IMSI Algebraic Statistics Note #1

11 minute read

Published:

Spent the week at a workshop at the University of Chicago, “Invitation to Algebraic Statistics,” part of the IMSI long program “Algebraic Statistics and our Changing World”. This week’s workshop featured excellent talks on the application of algebraic statistics to estimation & optimization problems, graphical models, neural networks, algebraic economics, and ecological problems.

Overall, algebraic statistics is a cool and curious field which lives at the intersection of algebraic geometry and statistics. The guiding mantra was stated by Elizabeth Gross in her talk – in brief, statistical problems give rise to statistical models, which in general are given by sets of polynomial constraints on the relations between event probabilities. These polynomial constraints then give rise to varieties, and algebraic geometers are always on the look out for more varieties.

We can make this explicit – although the most fun example comes from June Huh and Bernd Sturmfels’ paper “Likelihood Geometry”, where they analyzed the variety arising from data on the three-level events “hair loss” and “football watching”, it’s simpler to consider just two-level events.

Consider a 2x2 contingency table, which just counts the number of times each event $X_1, X_2$ occur. The entries of this table are $p_{i,j} = P(X_1 = i, X_2 = j)$. Under (unconditional) independence, the joint probability factorizes as $p_{ij} = p_i p_j$. But also, since $p_i = 1- p_{ii}$, this matrix must have rank 1, meaning its determinant $p_{00}p_{11} - p_{01}p_{10}$ vanishes. This determinant vanishing defines a variety, which the algebraic geometers go on to study further, asking questions about its irreducibility, dimension, etc.

Estimation & Optimization

Carlos Amendola and Julia Lindberg gave the talks on estimation and optimization. Both talks were centered around the ML degree and the method of moments.

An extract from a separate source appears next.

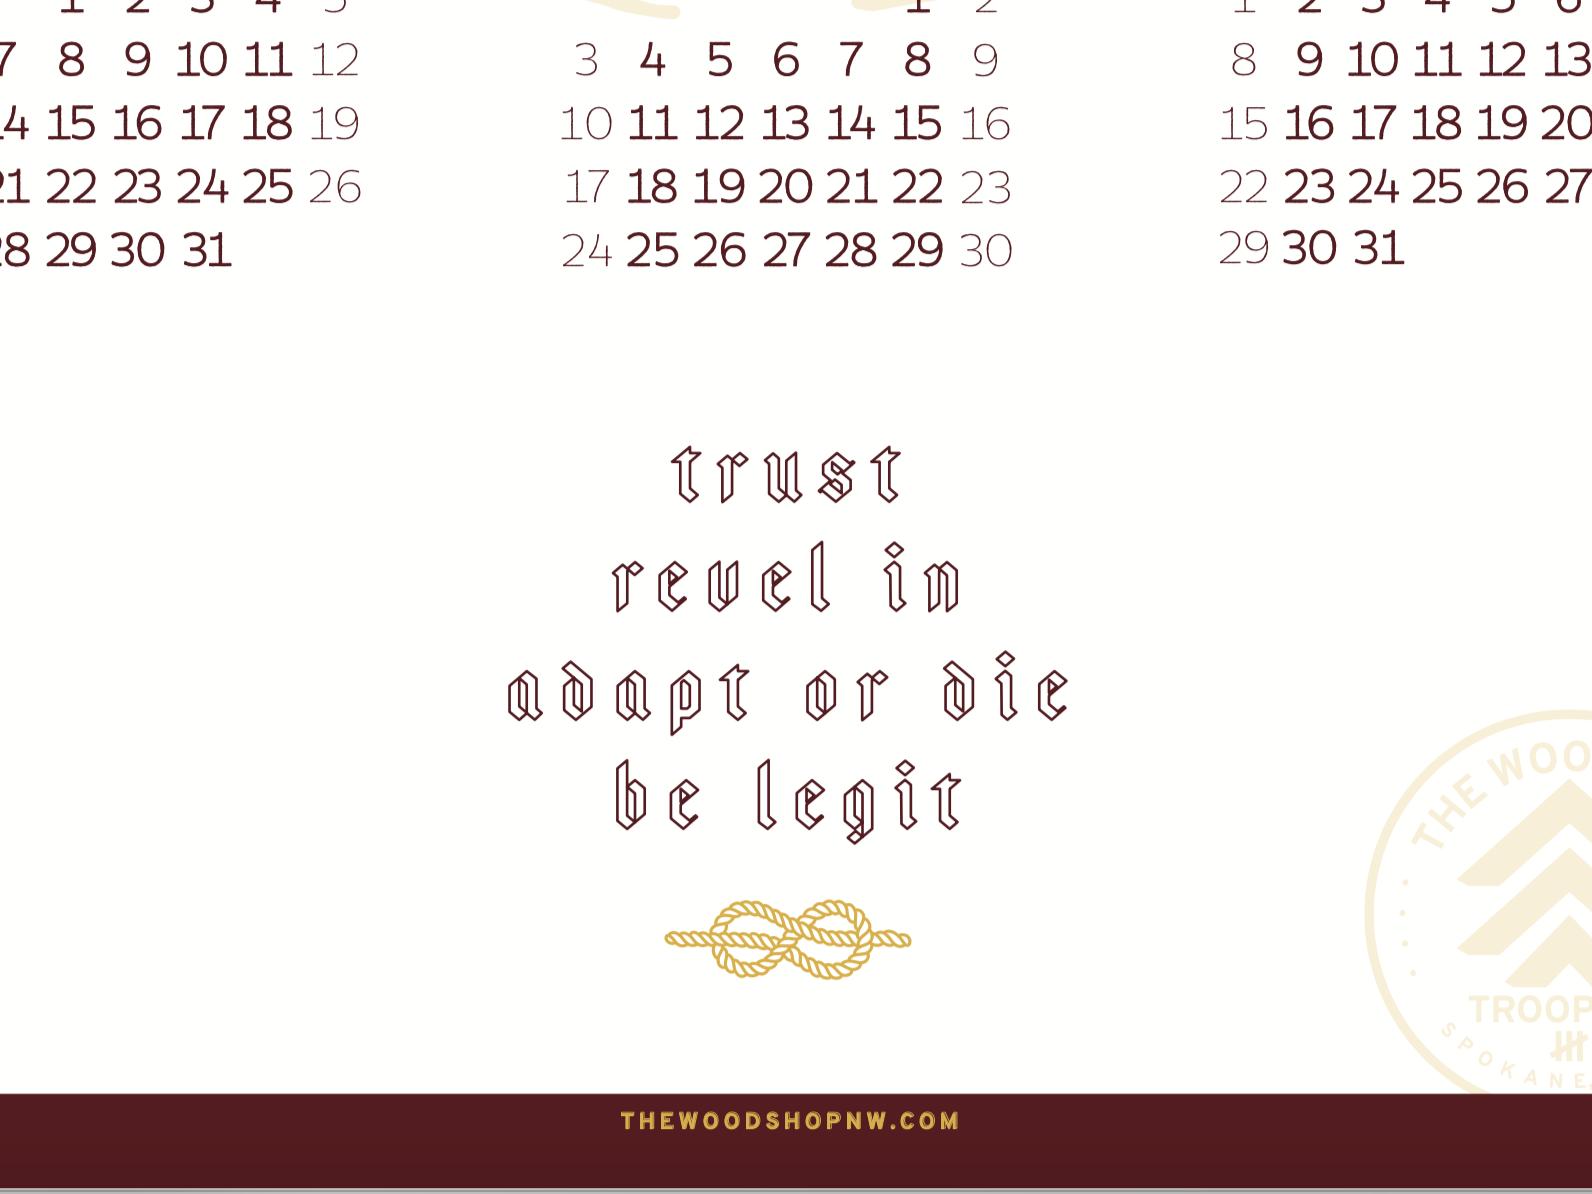 2019 Calendar - TWS Troop #924 rope knot blackletter 2019 christmas scouts typography spokane the woodshop calendar

Say we have data which we summarize in a vector of counts $u$, with $u_i$ the number of times that the $i$th state occurs. Statisticians are taught to maximize the likelihood function $L_u(p) = \prod p_i^{u_i}$ to get the MLE, which is consistent and has minimal variance, etc. The algebraists instead note that we have a set of likelihood equations, given by the likelihood function, the determinantal constraints which arise from the independence relations, and the always-present $\sum p_i = 1$. The number of (generic!) solutions to these likelihood equations is an invariant of the statistical model called the ML degree.

Under unconditional independence the ML degree is 1 – this is also something statisticians are taught, that our optimization methods for finding an MLE won’t get stuck in local minima. But this is not always the case! In the soccer vs hair loss example mentioned above, Huh and Sturmfels construct the data so that the contingency table is of rank 2 – this then leads to different determinantal constraints than if it were rank 1, and thus we get more than 1 local optima for the likelihood function.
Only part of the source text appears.